Heterogeneity in effect size estimates.
Felix HolzmeisterMagnus JohannessonRobert BohmAnna DreberJuergen HuberMichael KirchlerPublished in: Proceedings of the National Academy of Sciences of the United States of America (2024)
A typical empirical study involves choosing a sample, a research design, and an analysis path. Variation in such choices across studies leads to heterogeneity in results that introduce an additional layer of uncertainty, limiting the generalizability of published scientific findings.
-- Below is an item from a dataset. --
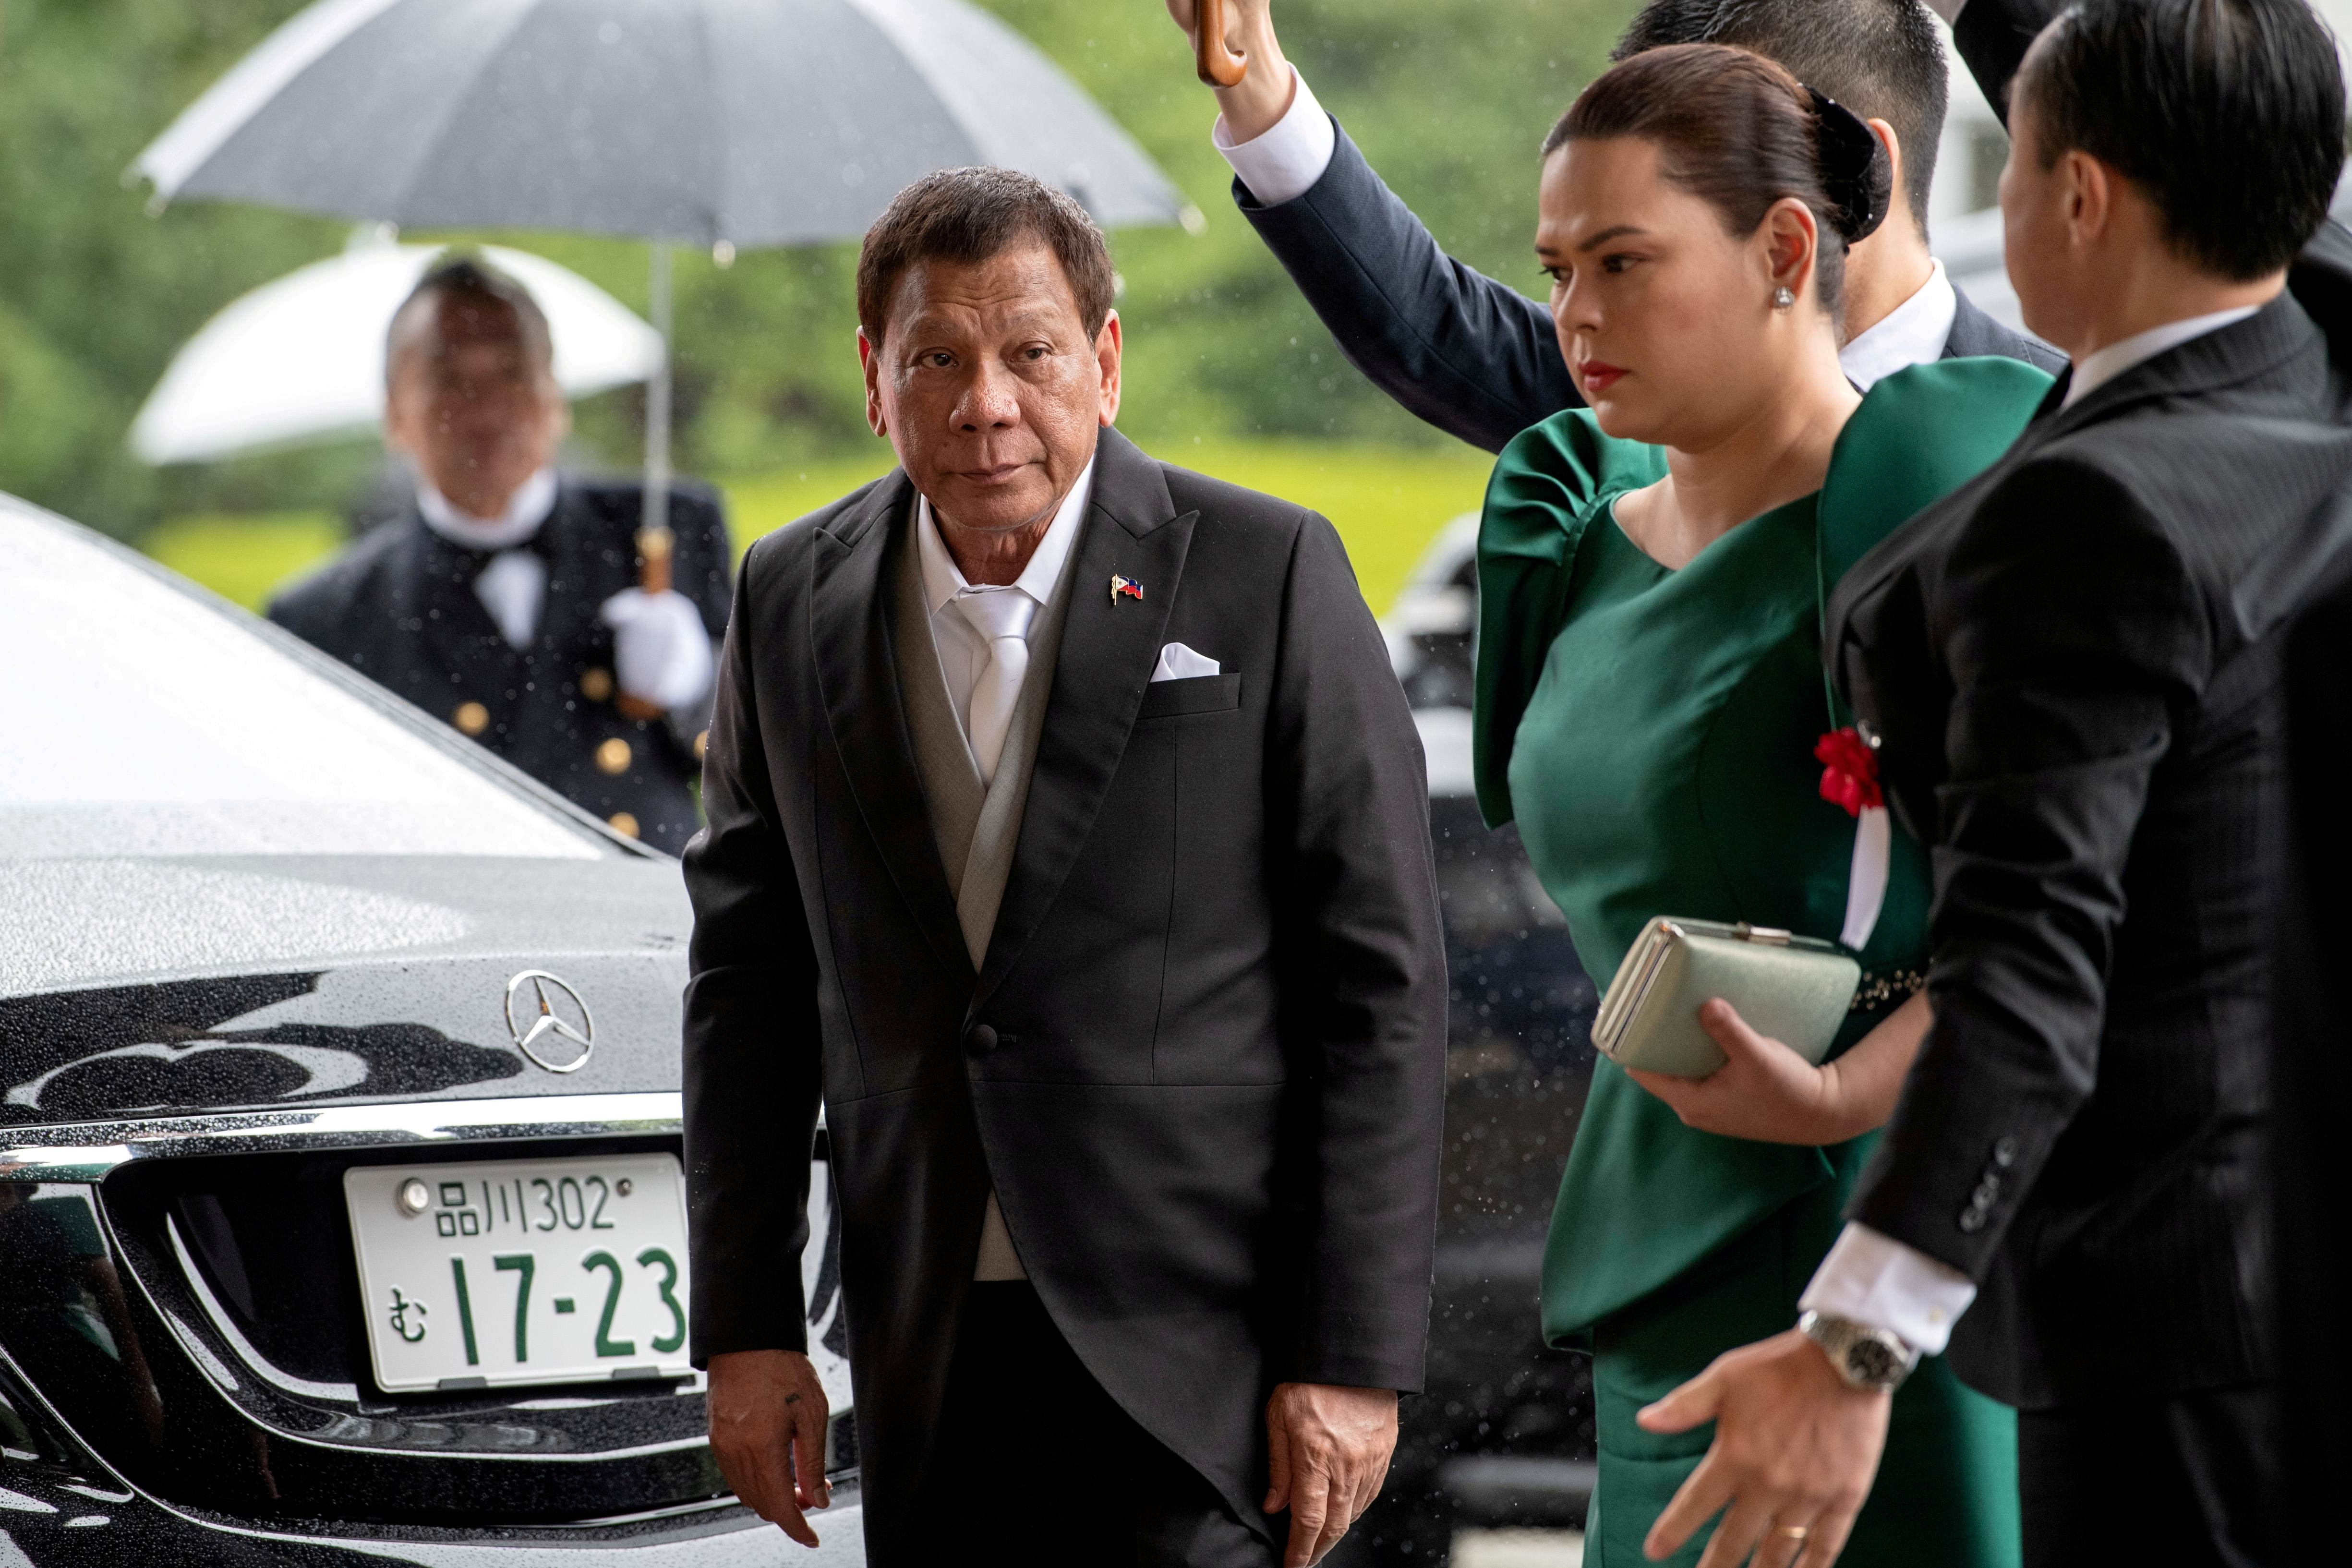 Philippines President Rodrigo Duterte arrives to attend the enthronement ceremony of Japan's Emperor Naruhito in Tokyo
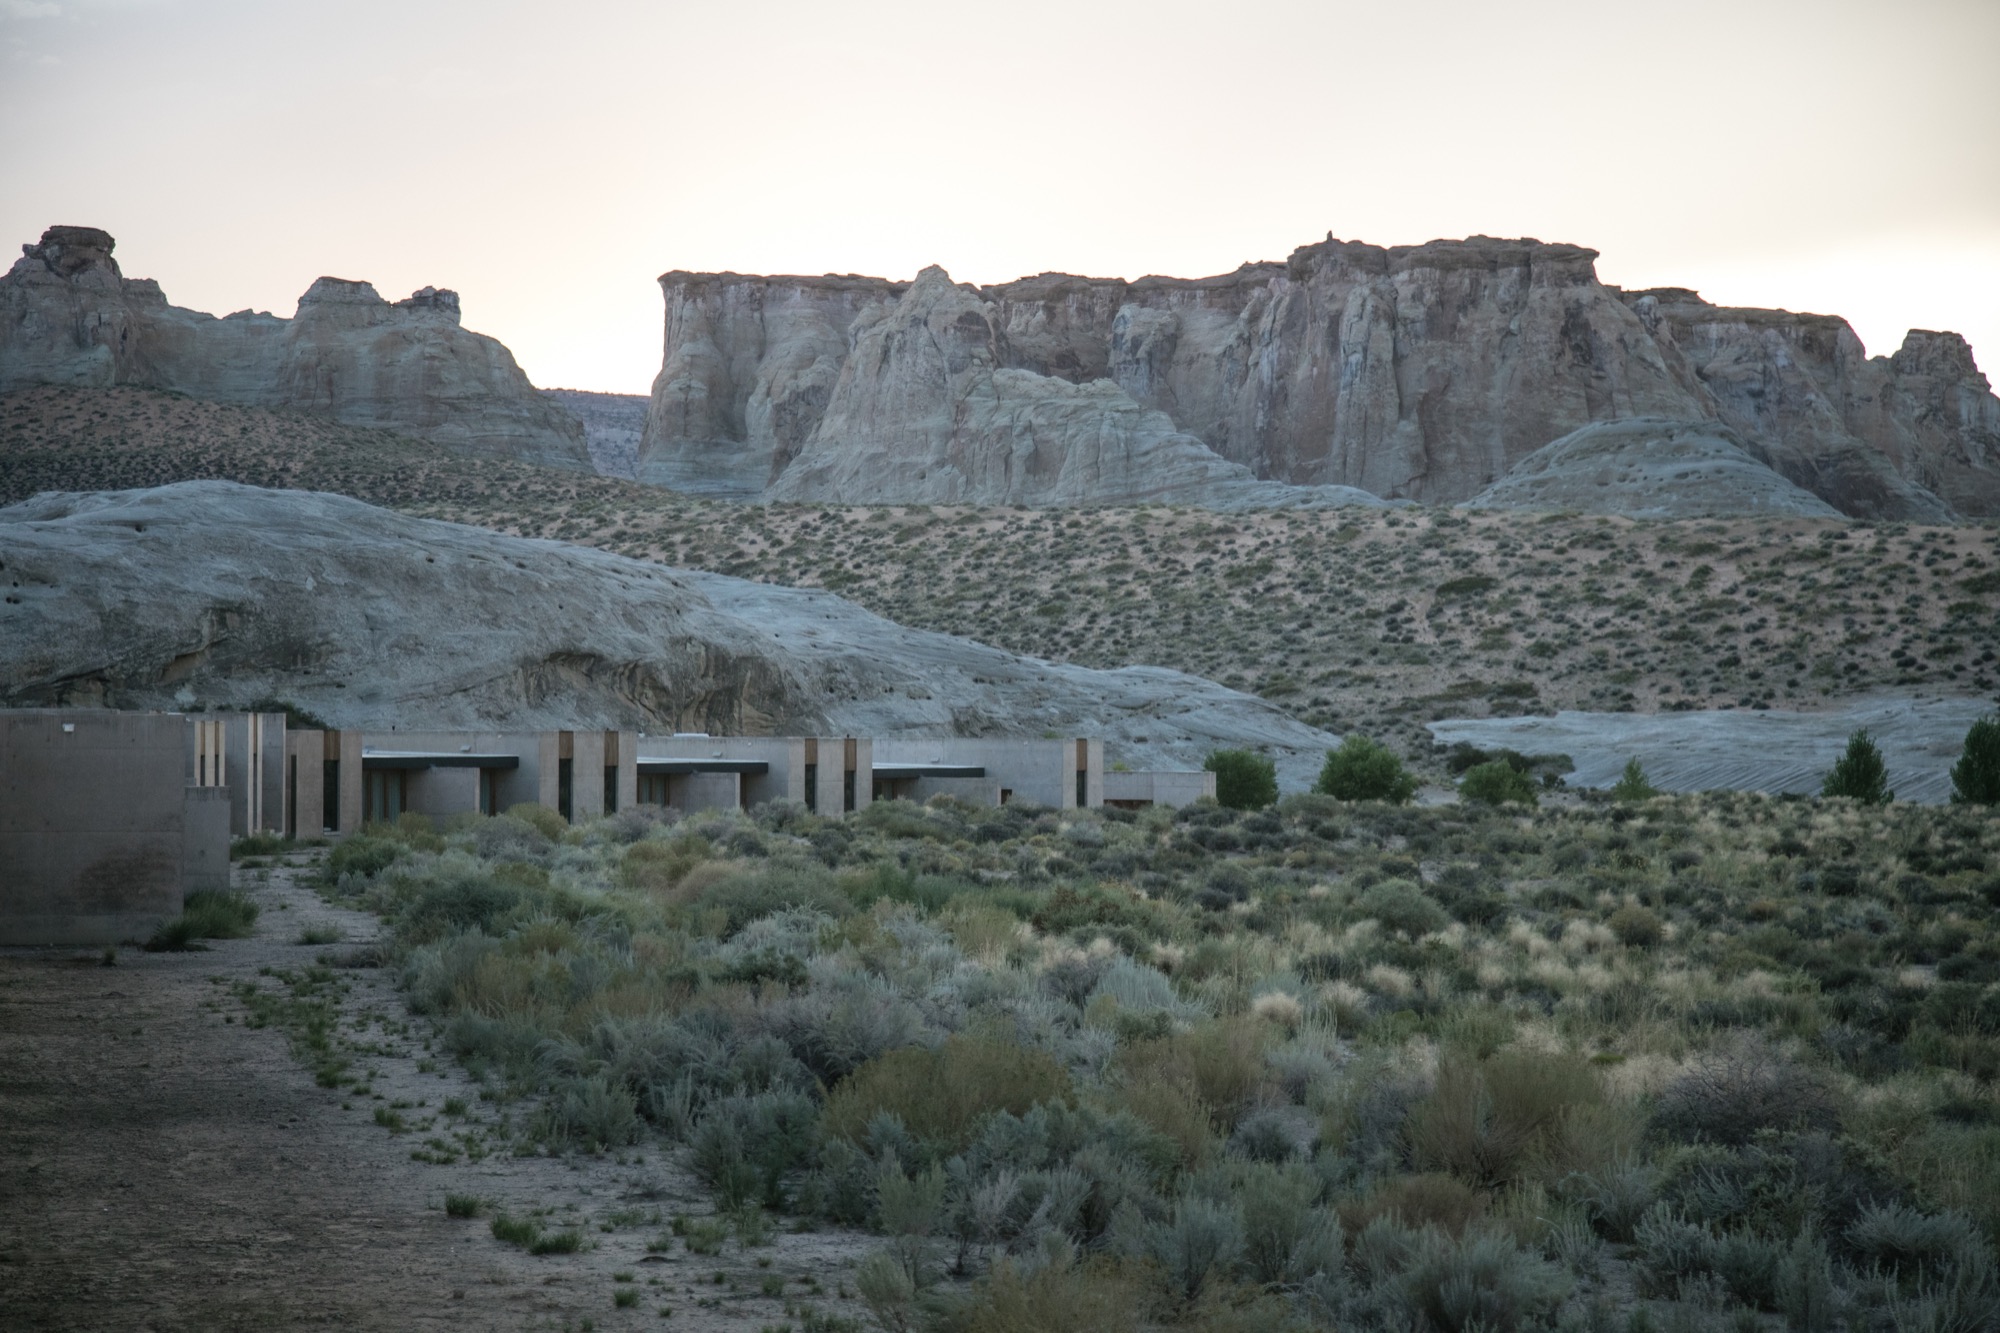 The Amangiri sits on 600 mostly wild acres / Photo by Jake Weisz

We provide a framework for studying heterogeneity in the social sciences and divide heterogeneity into population, design, and analytical heterogeneity. Our framework suggests that after accounting for heterogeneity, the probability that the tested hypothesis is true for the average population, design, and analysis path can be much lower than implied by nominal error rates of statistically significant individual studies. We estimate each type's heterogeneity from 70 multilab replication studies, 11 prospective meta-analyses of studies employing different experimental designs, and 5 multianalyst studies. In our data, population heterogeneity tends to be relatively small, whereas design and analytical heterogeneity are large. Our results should, however, be interpreted cautiously due to the limited number of studies and the large uncertainty in the heterogeneity estimates. We discuss several ways to parse and account for heterogeneity in the context of different methodologies.